HaloTag® fusion proteins and conjugates for cell imaging

By Klaus D. Linse 

The HaloTag® fusion protein technology can be used to design and prepare fusion proteins, fusion protein conjugates, and protein conjugates useful as tools for cell imaging.


Several approaches allow tethering of organic probes directly to specially designed reporter molecules. Many reporter proteins, such as the green fluorescent protein, are conjugated to affinity probes. Affinity probe can be a peptide, a protein or an oligonucleotide-based hybridization probe. However, any other affinity tag may be used as well. Often, proteins fused to selected tags are expressed in living cell. Many expressed proteins are found mainly in the inclusion bodies and require refolding before their use. Often, refolding is not successful. The HaloTag® fusion proteins are more soluble and, therefore, provide a means for the production of soluble recombinant proteins.

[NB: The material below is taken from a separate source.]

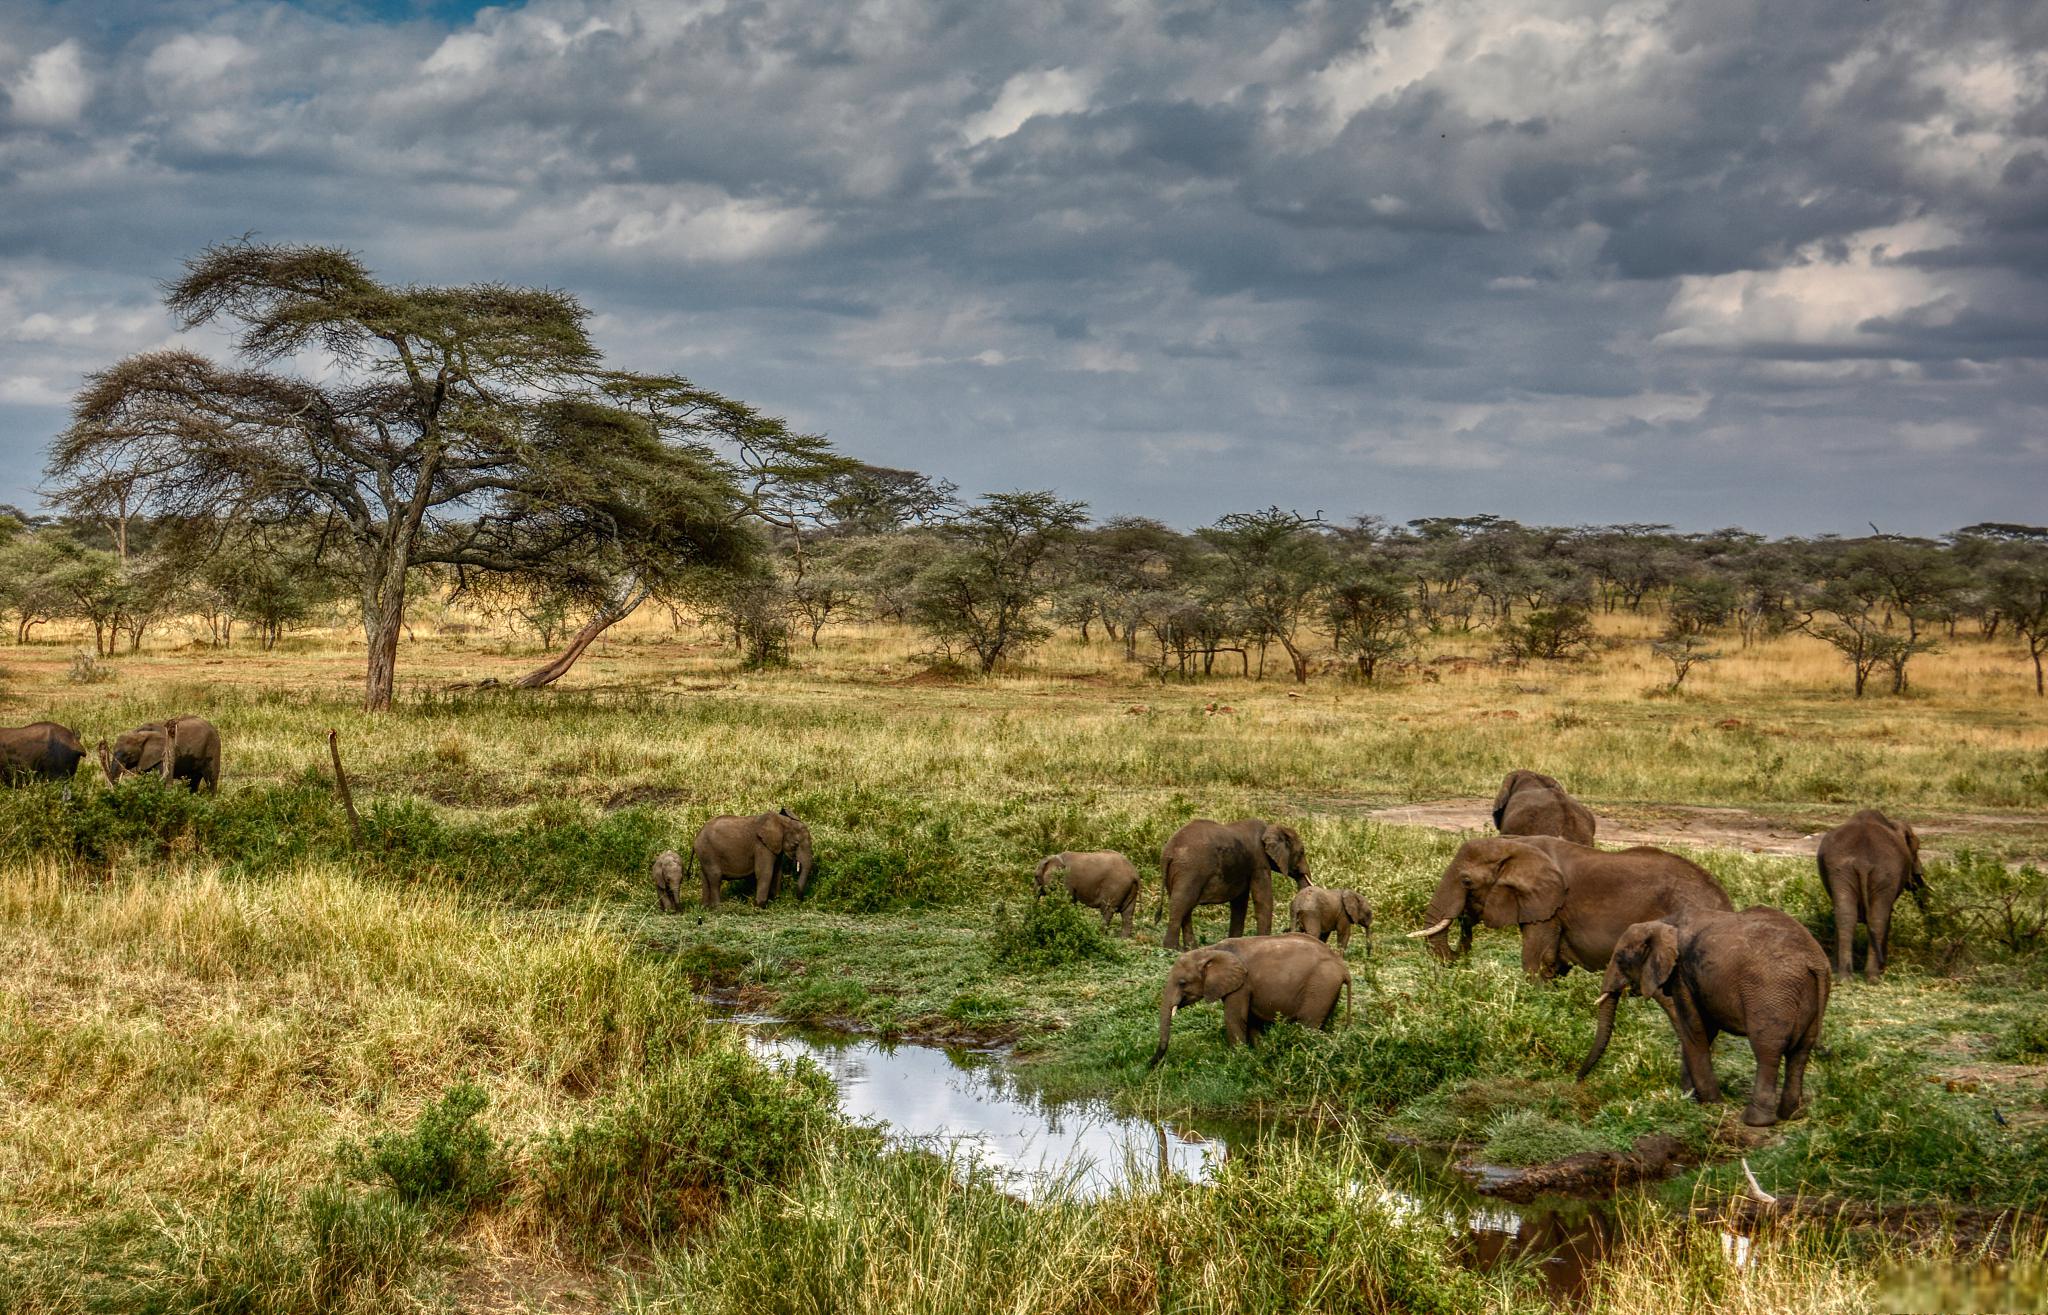 肯尼亚马赛马拉野生动物保护区@拙言旅游见解的动态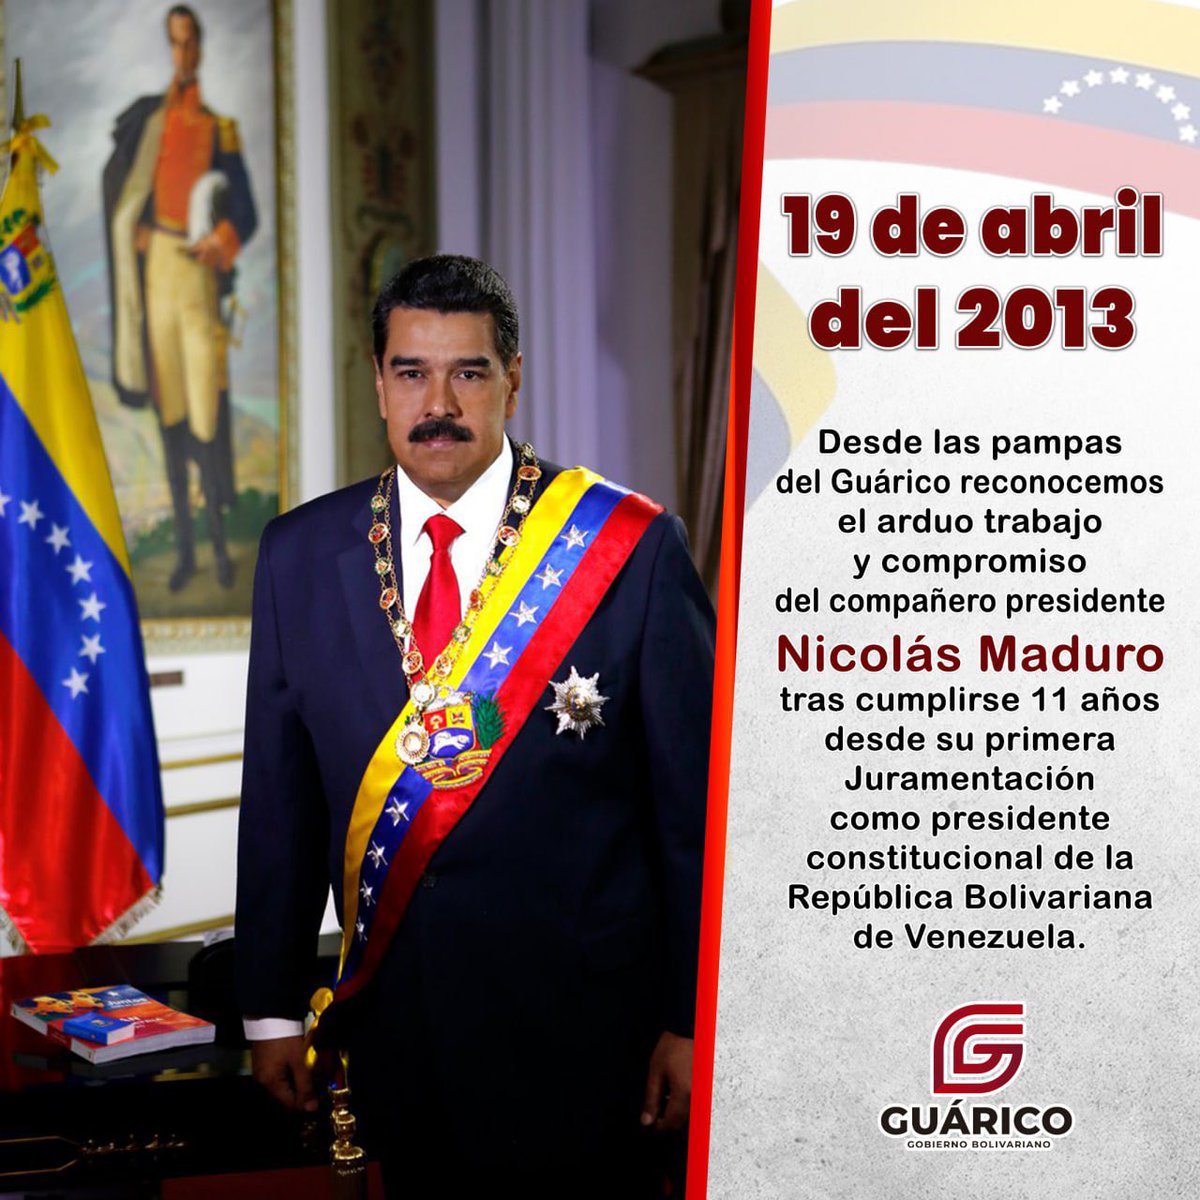 Desde las tierras guariqueñas felicitamos al Presidente @NicolasMaduro, por el trabajo incansable que ha venido realizando en pro de seguir consolidando la Revolución Bolivariana, tras cumplirse 11 años de su primera juramentación. ¡Cuente usted con el pueblo guariqueño!

Typical applications for HaloTag fusion proteins and conjugates are:


1.      Affinity capture of various biomolecules;

2.      Chromatin immunoprecipitation;

3.      Fluorescent dye-based detection of biomolecules;

4.      Hydrophobic tagging induced protein degradation;

5.      Protein pull-downs;

6.      Protein purification for mammalian proteins;

7.      Protein purification of e. coli proteins or from other cell cultures;

8.      Protein solubilization during expression;

9.      Protein arrays;

10.    Protein-oligonucleotide conjugates for capture or detection probes;

11.    Quantum dot based detection of biomolecules;

12.    etc.


The HaloTag® fusion protein technology, developed by scientists at Promega Inc., offers a versatile tool for the study of molecular interaction within cells. To achieve optimal results the HaloTag® fusion protein technology allows for imaging of fixed or live cells. The key to the HaloTag® approach is the covalent tethering of organic probes directly to a specially designed reporting protein that can be expressed in living cells. The HaloTag® approach allows the introduction of genetically-encoded fusion proteins into living cells for imaging with the help of chemical conjugation probes. The model of a HaloTag® fusion protein is shown in figure 1.

Figure 1: Model of the HaloTag® protein. The binding pocket for covalent interaction with the HaloTag® ligands is shown to scale. (Source: © Promega Corporation. Reused with permission of Promega Corporation).


The HaloTag® reporter protein can be conjugated to other molecules such as receptor proteins, peptides or oligonucleotides. Various cloning strategies allows designing fusion proteins that may contain whole proteins, protein domains, protein binding motifs, or peptides as well as linkers and spacers. For example, the tobacco etch virus (TEV) protease cleavage site can be incorporated between the HaloTag® protein and the selected fusion protein (Figure 2). The incorporation of this cleavage site allows releasing the fusion protein from the tag. This is a very useful feature if the fusion protein needs to be purified. For the conjugation of specific probes, such as cyclic peptides or single-stranded and double-stranded oligonucleotides useful for RNAi experiments, chemical conjugation is needed. To achieve this, a correctly designed HaloTag® reporter protein containing a functional group accessible for conjugation reactions can be used.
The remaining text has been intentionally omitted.